Whether it’s the creation of art itself, the displaying of it, or the selling of it, almost every aspect of the industry is now being transformed by tech, and the UK is leading the revolution.
We take a look at five of the most disruptive start-ups who are leading the charge…
Artfinder is the first of the companies on our list. Founded by Swedish entrepreneur Jonas Almgren, the London-based company is transforming the way independent artists market and sell their work.
The online platform does this by connecting buyers with independent artists around the world. Every single piece is original and signed by the artist, carrying its own unique story.
Almgren founded Artfinder due to the fact that artists exist everywhere - as do buyers. Artfinder helps connect people with art which previously, they may never have stumbled upon.
Born from the desire to help the creative industry to be more efficient with their resources, Vastari is changing the way the sector connects and collaborates.
A graduate of the Microsoft Ventures Accelerator Programme, the company allows private collectors to upload their objects to a secure online database and remain anonymous.

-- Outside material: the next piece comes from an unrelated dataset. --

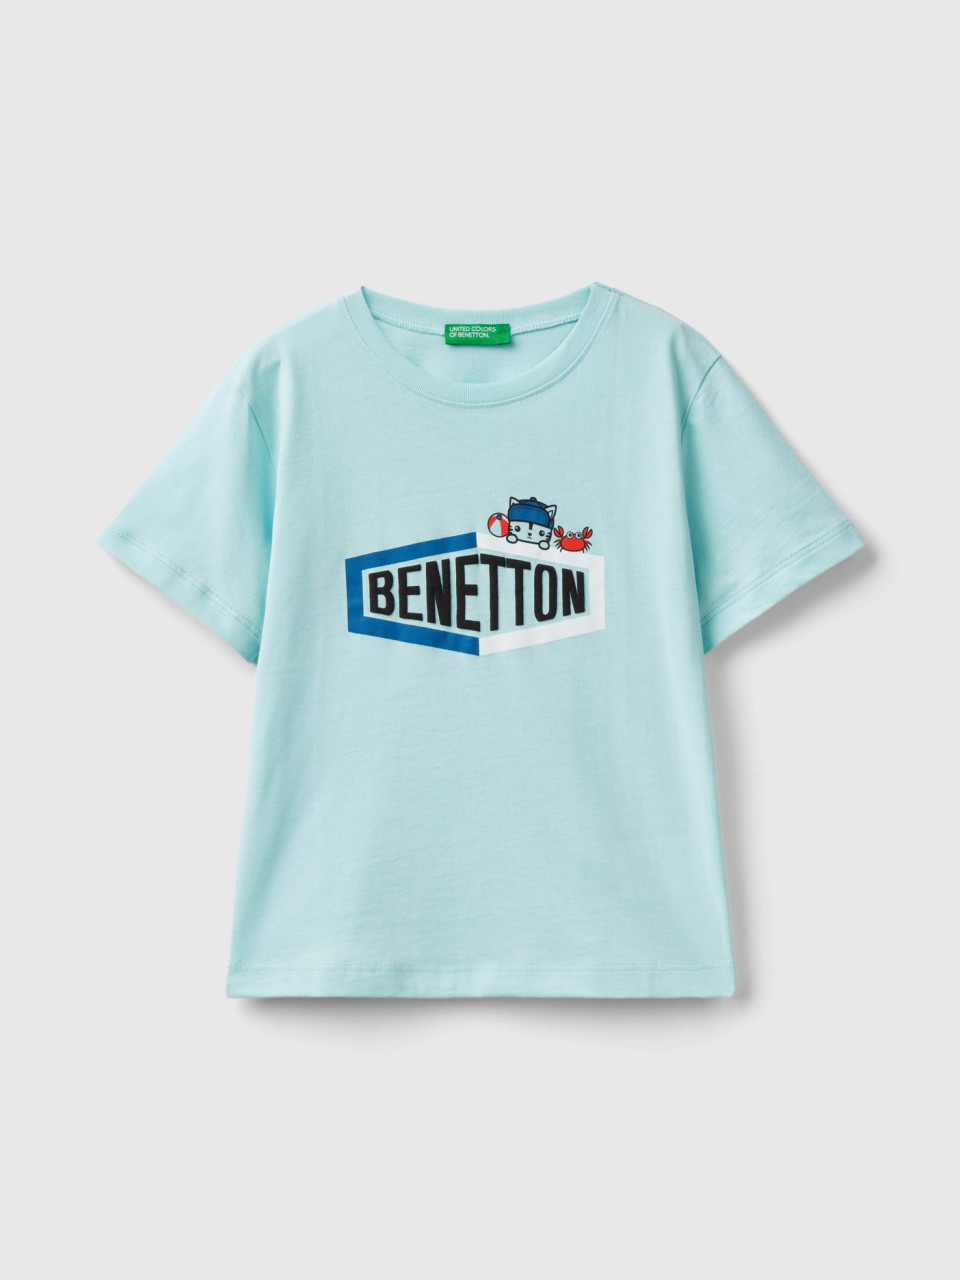 Benetton, T-shirt With Print In 100% Organic Cotton, Aqua, Kids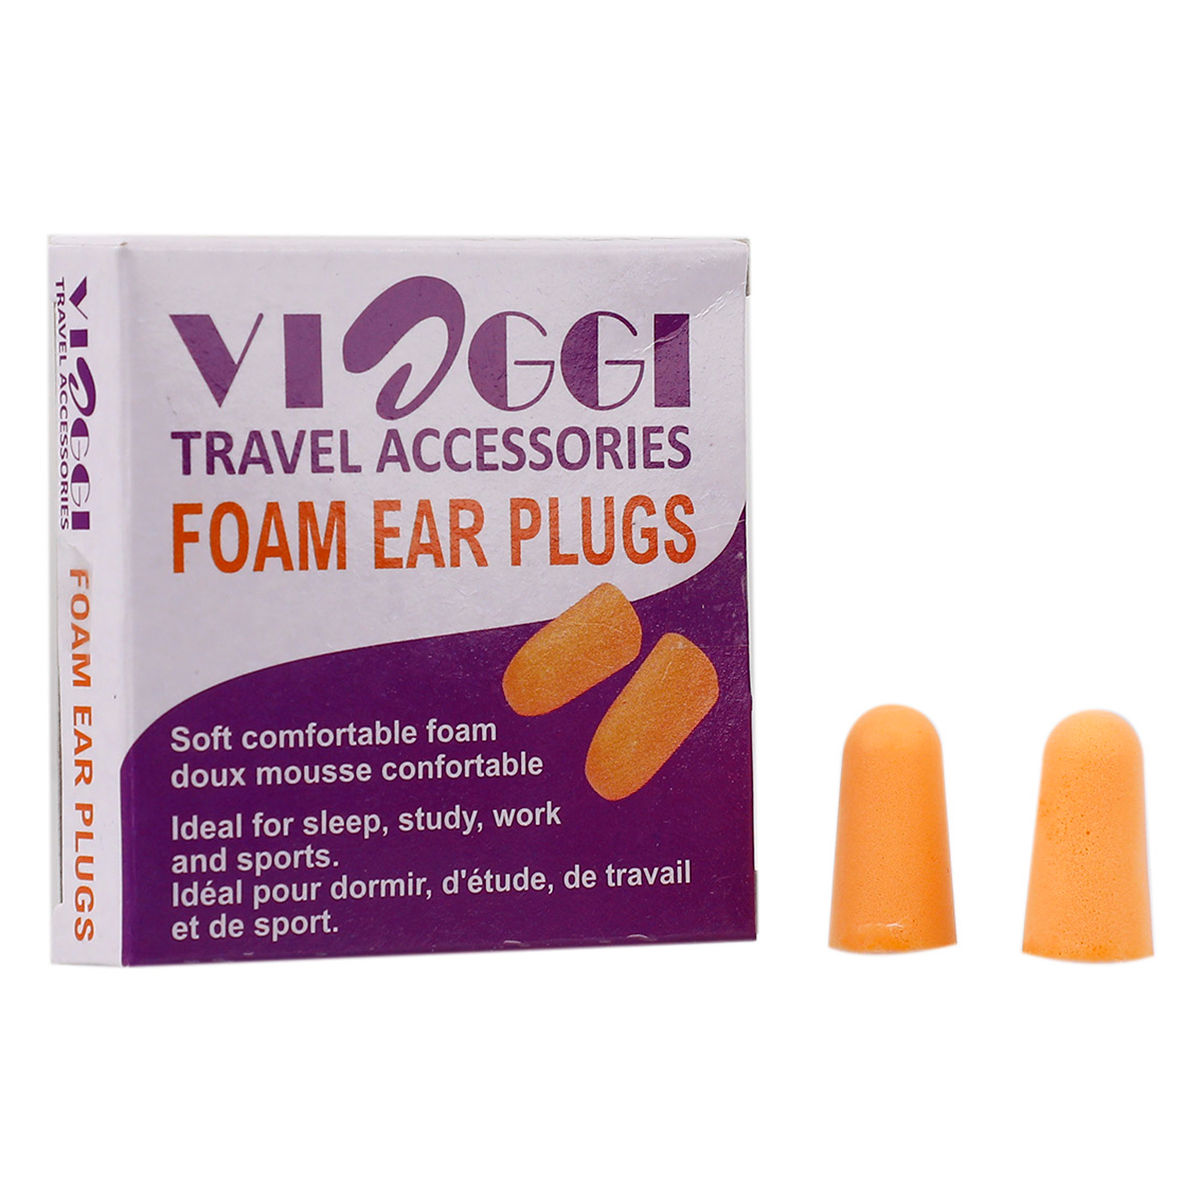 Buy Viaggi Foam Ear Plugs, 2 Pairs Online

Registered and verified museums have access to this database and can search through it for works relevant to future exhibitions, connecting them with art they may have never previously had access to.
Founded in 2012, the company has since closed a number of major fundraising rounds led by private investors and now has access to over 500,000 works and boasts around 900 registered museums from across the globe.
The founders of Rise Art, a self-confessed bunch of art fanatics and digital evangelists, launched the business in a bid to use the internet to help people get great art into their lives.
Its online platform provides users with a fun quiz which then helps them discover art they love. Its curators then select original works from up and coming and established artists tailored to their interests.
However, unlike most other platforms, Rise Art doesn’t just give users the ability to buy unique pieces of art, but it also gives them the option to rent, helping people collect art without the risk whilst supporting independent artists.
Finally, we have Sedition, probably the most disruptive of the five.
Whereas most of the afore mentioned start-ups are working with artists and their sought-after pieces of physical art, Sedition is doing the same, but online.
The platform provides buyers with an opportunity to collect and enjoy limited edition artworks, which have been exclusively created by the world’s greatest contemporary artists, solely for online use.
Sedition securely stores your collection, so you can access it anytime, anywhere, on any screen, across your devices. It offers a whole new world of digital art, right at your fingertips, and lets you create your own art collection without needing physical space.